INSTRUCTIONS FOR THE TASK.
Every line in the data below from the one containing "Socket Head Cap Screw, 3/8-16 x 5/8" down to the one containing "濃厚肉汁背脂餃子 特製背脂小袋付き 100個入り", both included, must be retyped exactly; no other line is to appear.

PROVIDED ENTRIES.

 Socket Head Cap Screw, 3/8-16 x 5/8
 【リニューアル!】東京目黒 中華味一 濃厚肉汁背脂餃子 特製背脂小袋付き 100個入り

---

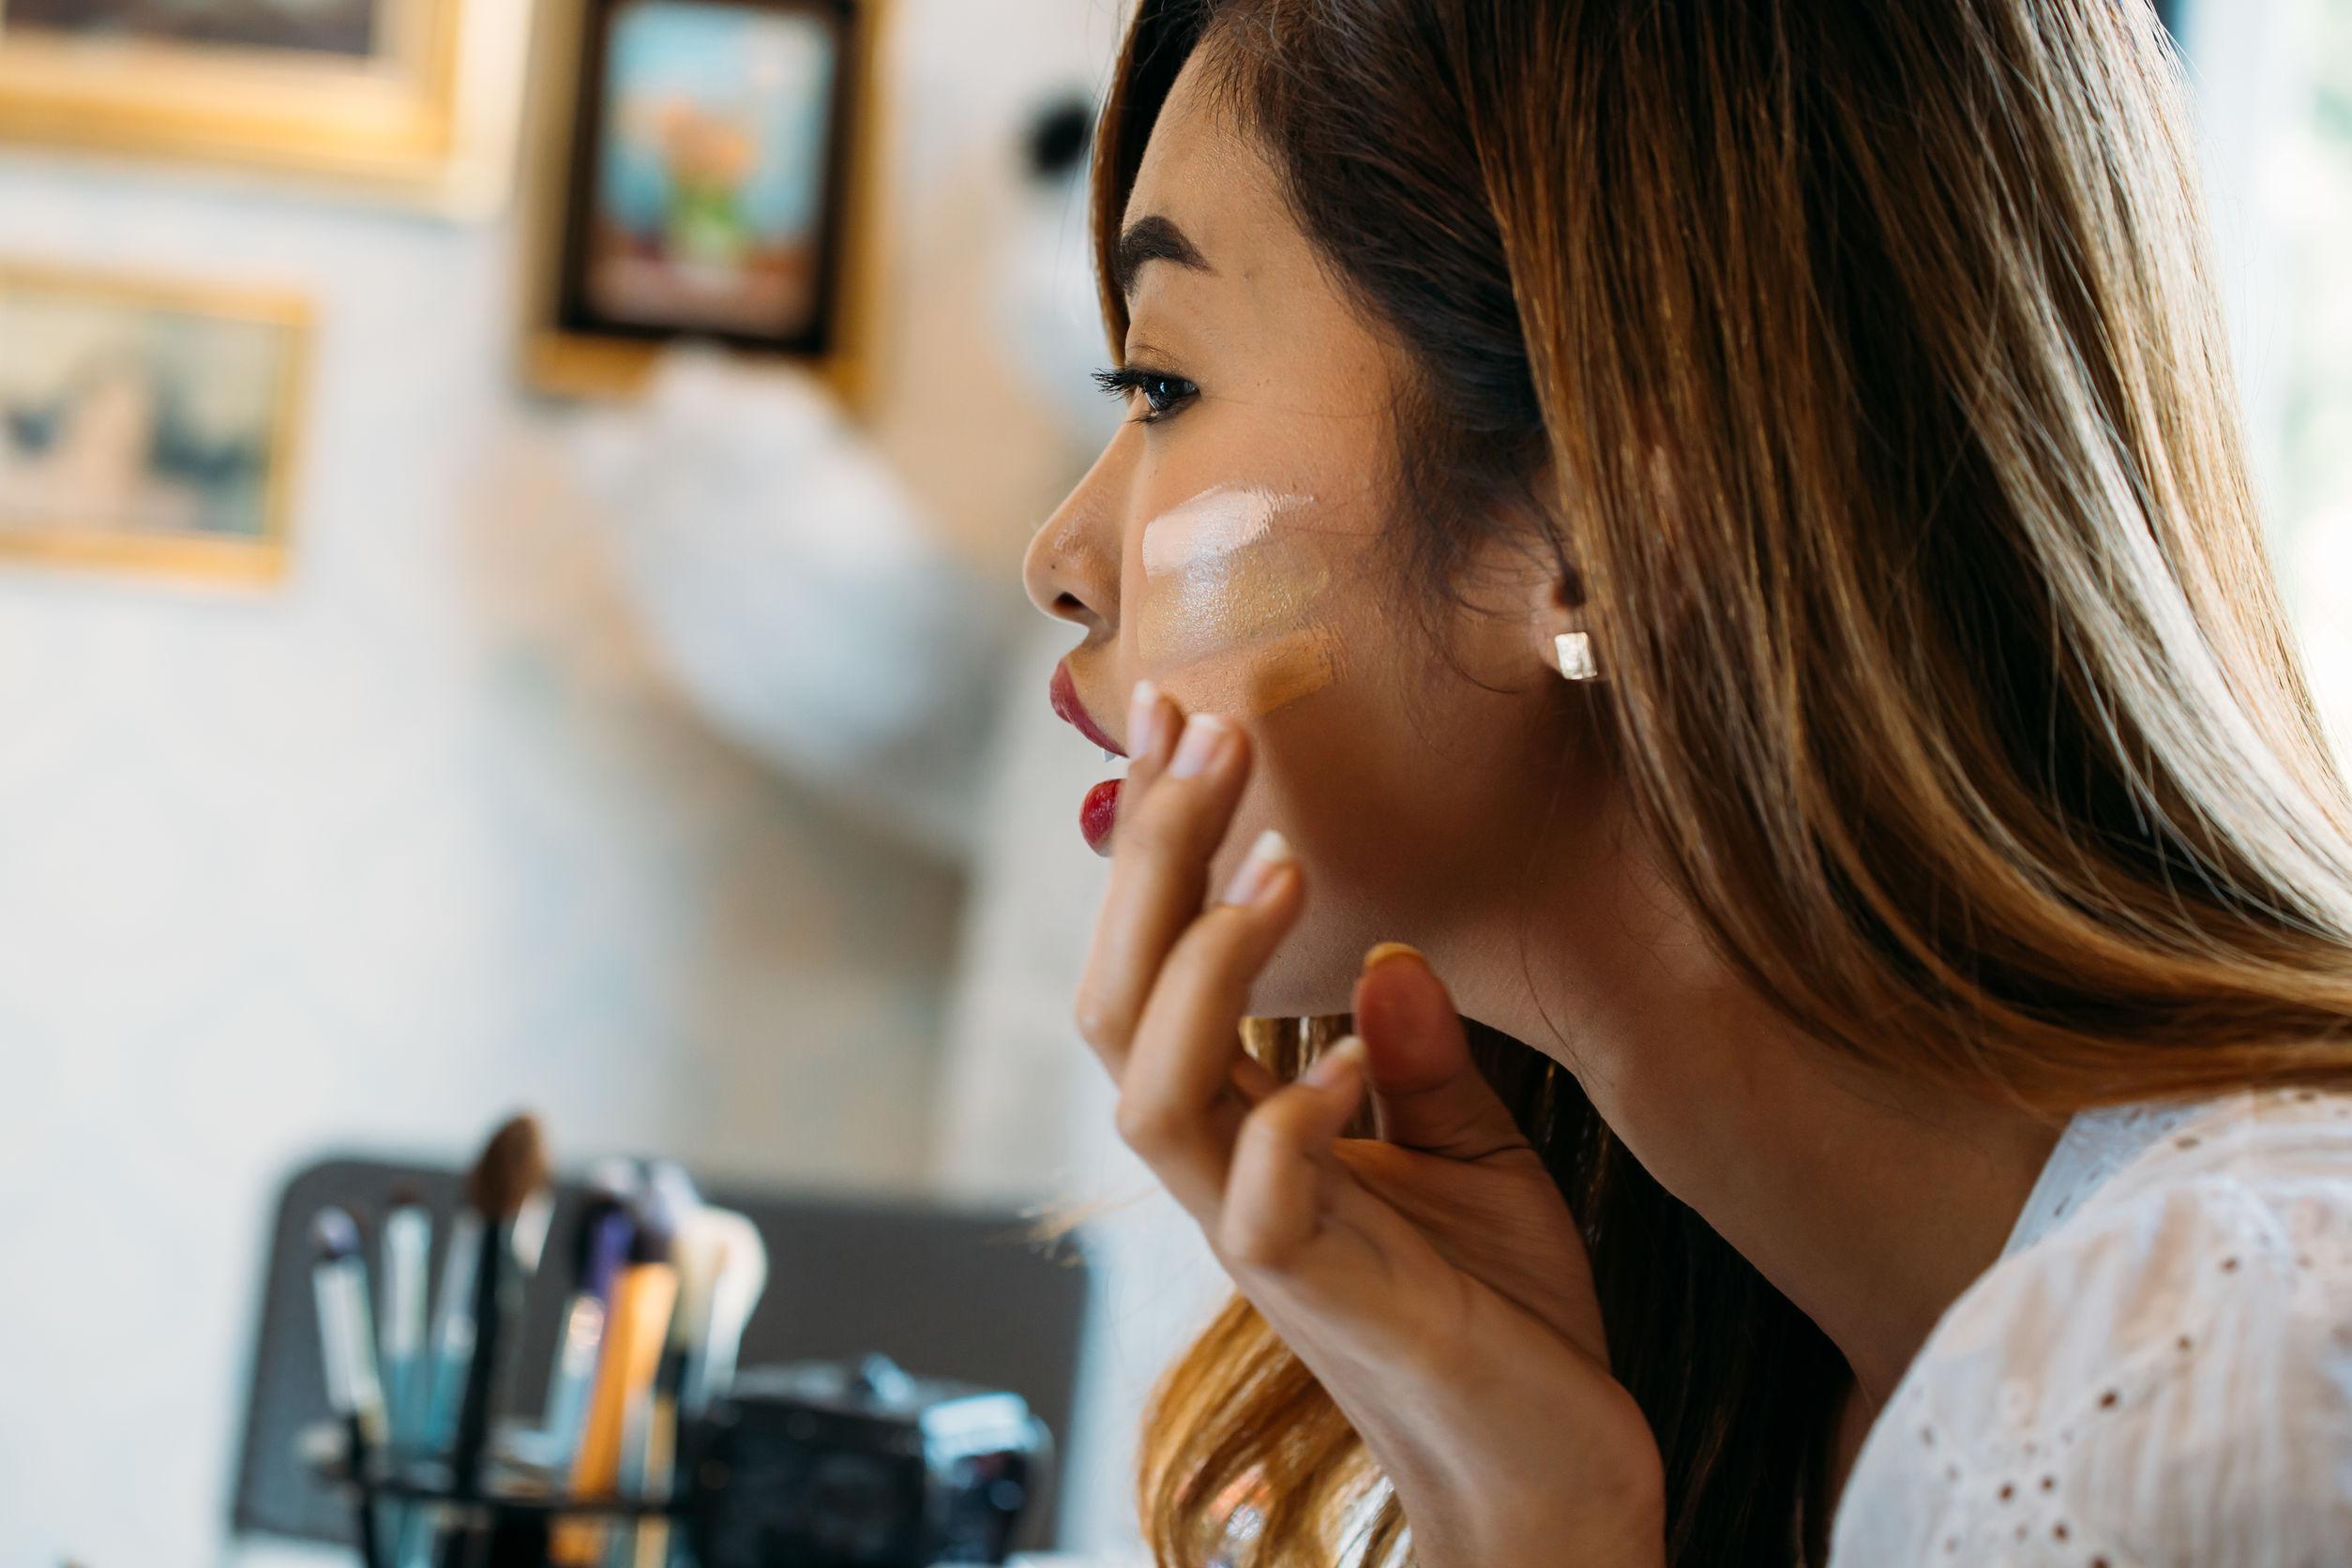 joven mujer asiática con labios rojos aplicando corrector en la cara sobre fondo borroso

TASK SOLUTION.
 Socket Head Cap Screw, 3/8-16 x 5/8
 【リニューアル!】東京目黒 中華味一 濃厚肉汁背脂餃子 特製背脂小袋付き 100個入り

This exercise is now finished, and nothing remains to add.